Risk of false-positives


False-positive stress tests are common and may be due to endothelial dysfunction, microvascular abnormalities, vasomotor changes, or small-vessel coronary artery disease, as well as a form of apical ballooning syndrome.

Cho I-J. False-positive stress echocardiography: not as simple as it looks. J Cardiovasc Imaging. 2020;28(2):134–136.

A subset of patients may also experience a hypertensive response to exercise. Therefore, improved blood pressure control may be beneficial to prevent some false-positive tests.


“Stress tests aren’t great,” writes cardiologist Gregory Katz, MD. “There are a lot of false positive and false negatives, and that leads to downstream consequences.”

Katz G. Making stress tests obsolete. Gregory Katz’s Substack. April 13, 2023.



Instead of stress tests, Dr. Katz recommends coronary CTA, which visualizes any blockages—the visualization is not merely a surrogate marker of blood flow as with stress tests. However, one downside of cardiac CTA is that the imaging sometimes does not permit differentiating between moderate and severe blockages.

When a stress test is abnormal, the next step may be cardiac catheterization, which is an invasive procedure that carries the risk of heart attack or stroke, and requires anesthesia. It is expensive and resource-intensive, and may be unnecessary. 

Investigators publishing in NEJM randomly assigned 5,179 patients with moderate or severe ischemia to either (1) an initial invasive strategy (ie, angiography and revascularization when feasible) and medical therapy or (2) medical therapy alone and angiography if medical therapy failed. The primary outcome included a composite of death from cardiovascular causes, MI, or hospitalization for unstable angina, heart failure, or resuscitated cardiac arrest. A secondary outcome was death from cardiovascular causes or MI.

Maron DJ, Hochman JS, Reynolds HR, et al.; ISCHEMIA Research Group. Initial invasive or conservative strategy for stable coronary disease. N Engl J Med. 2020;382(15):1395–1407.


“Over a median of 3.2 years of follow-up, among patients with stable coronary disease who had moderate or severe ischemia on stress testing, an initial invasive strategy, as compared with an initial conservative strategy, did not reduce the rates of the primary or key secondary composite outcomes,” the investigators concluded.

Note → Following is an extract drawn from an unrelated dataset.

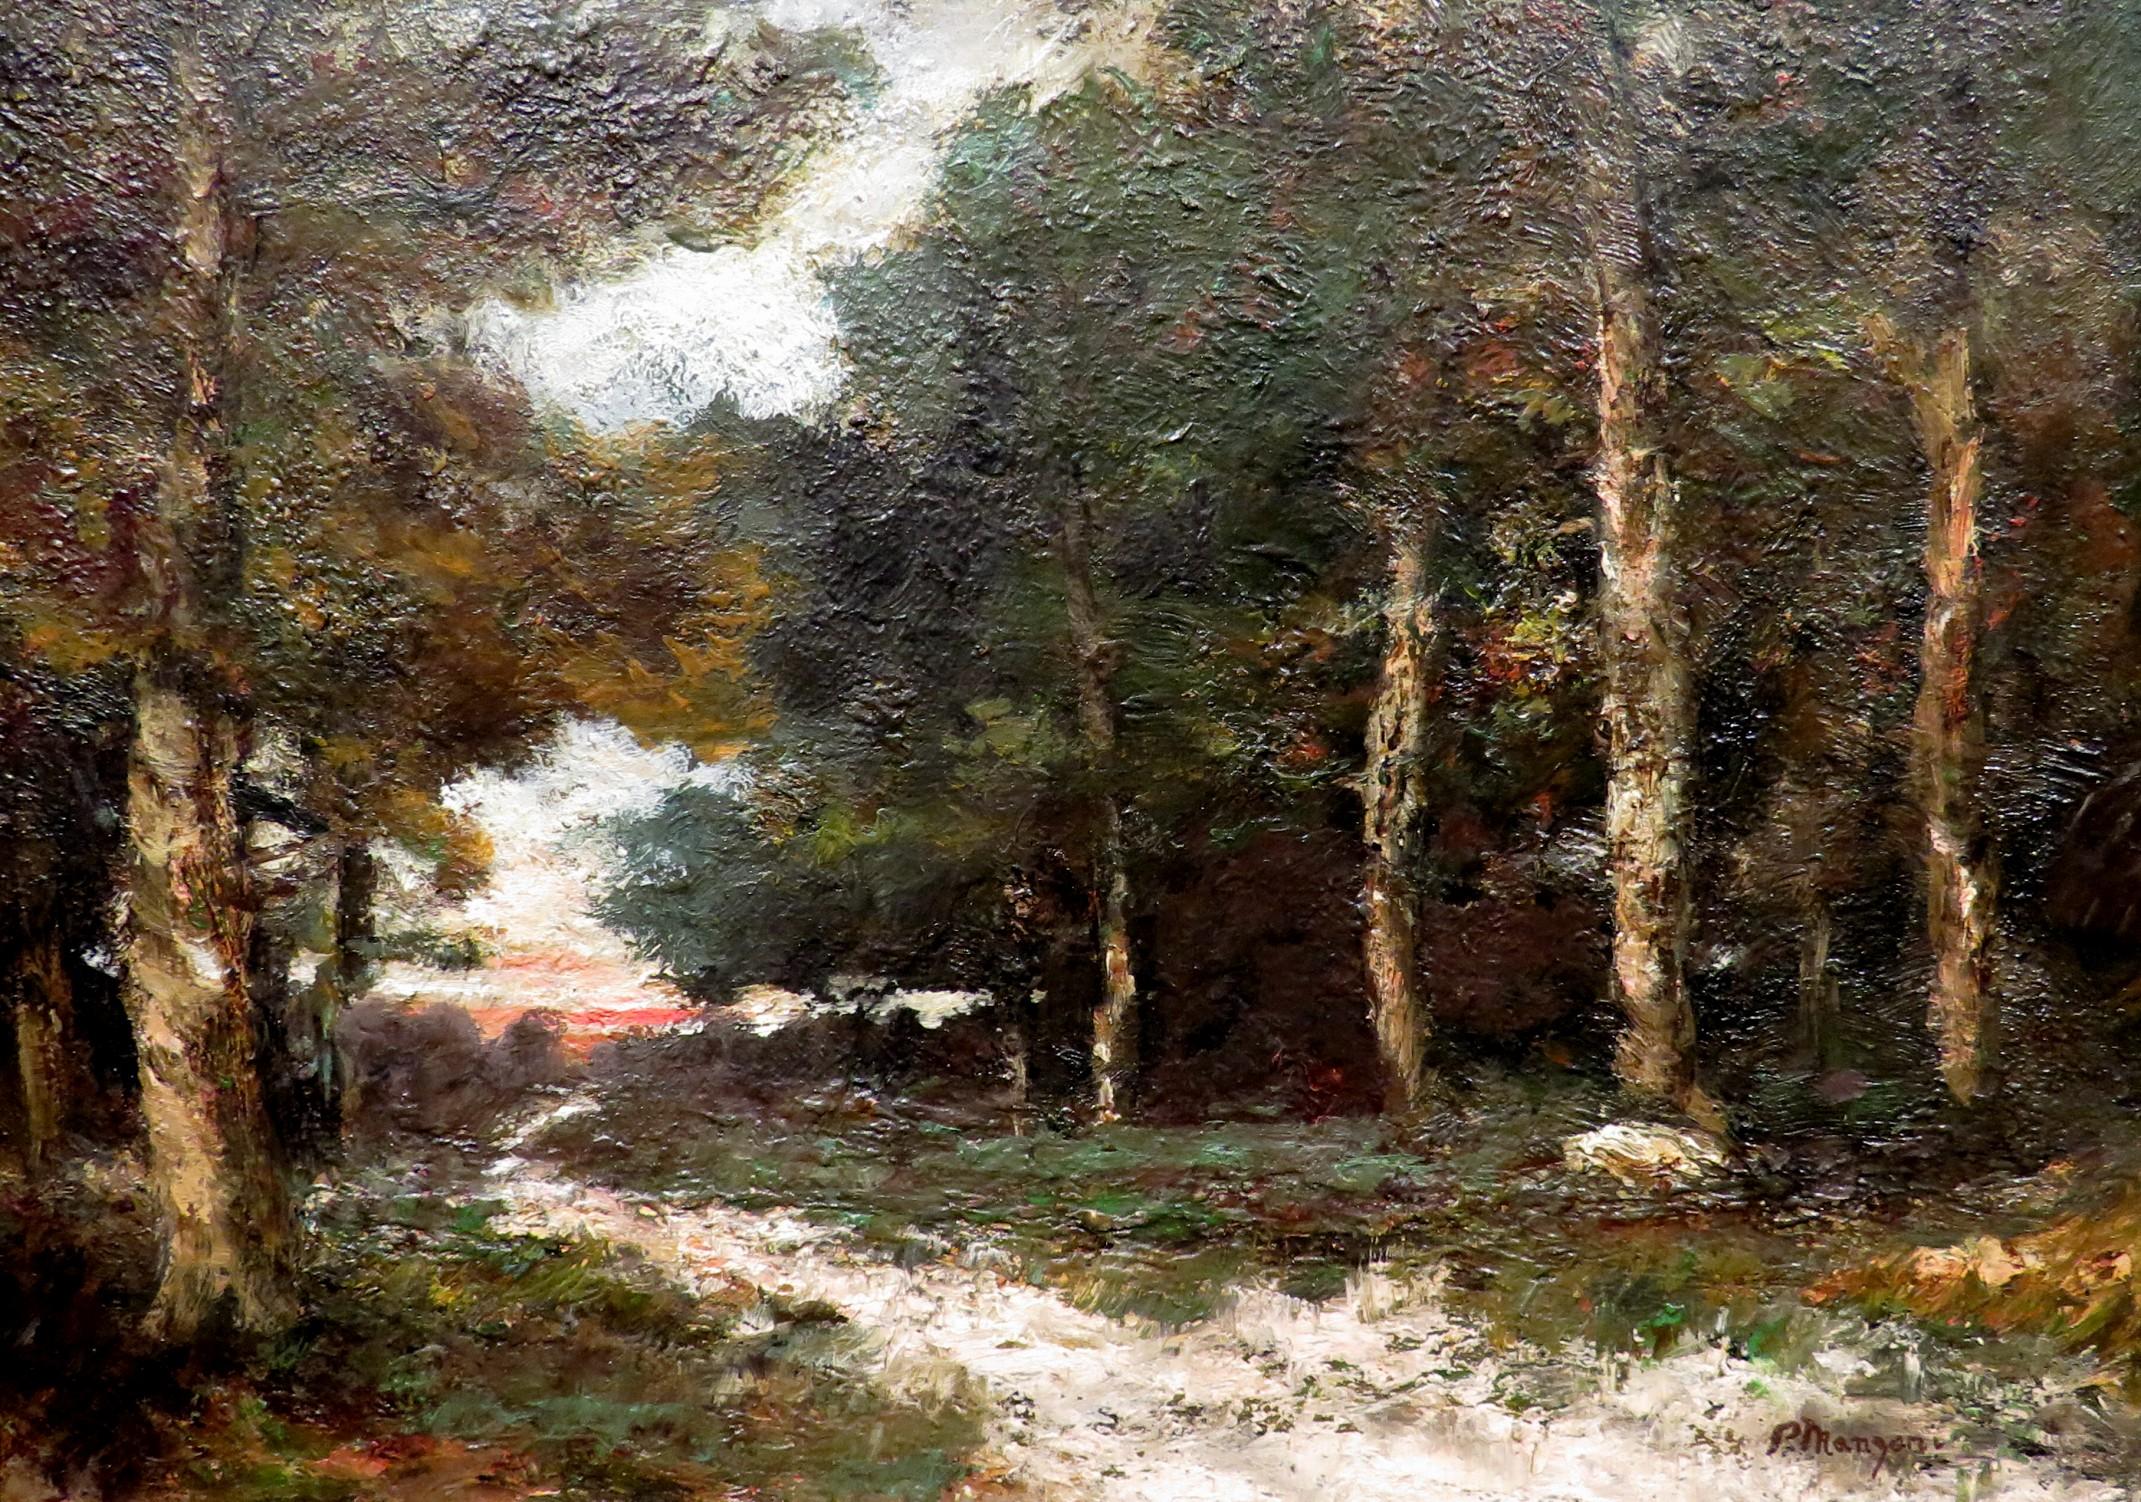 A finely executed 19th century Italian ‘plein air’ forested landscape, demonstrating a highly developed & balanced application of natural light, texture & shading. Oil on wood panel, signed P. Manzoni bottom right.    
Dimensions, (sight) 8.75

In other words, invasive strategies based on stress testing did not improve clinical outcomes.


What this means for you

Performing stress tests in asymptomatic patients is likely unnecessary. It can send patient management down the proverbial rabbit hole, potentially subjecting the patient to the risks associated with invasive procedures. However, many payors require the test before a nuclear myocardial perfusion study or other procedures are approved. Current ACC guidelines can be referenced to recommend alternatives to standard stress testing to payors.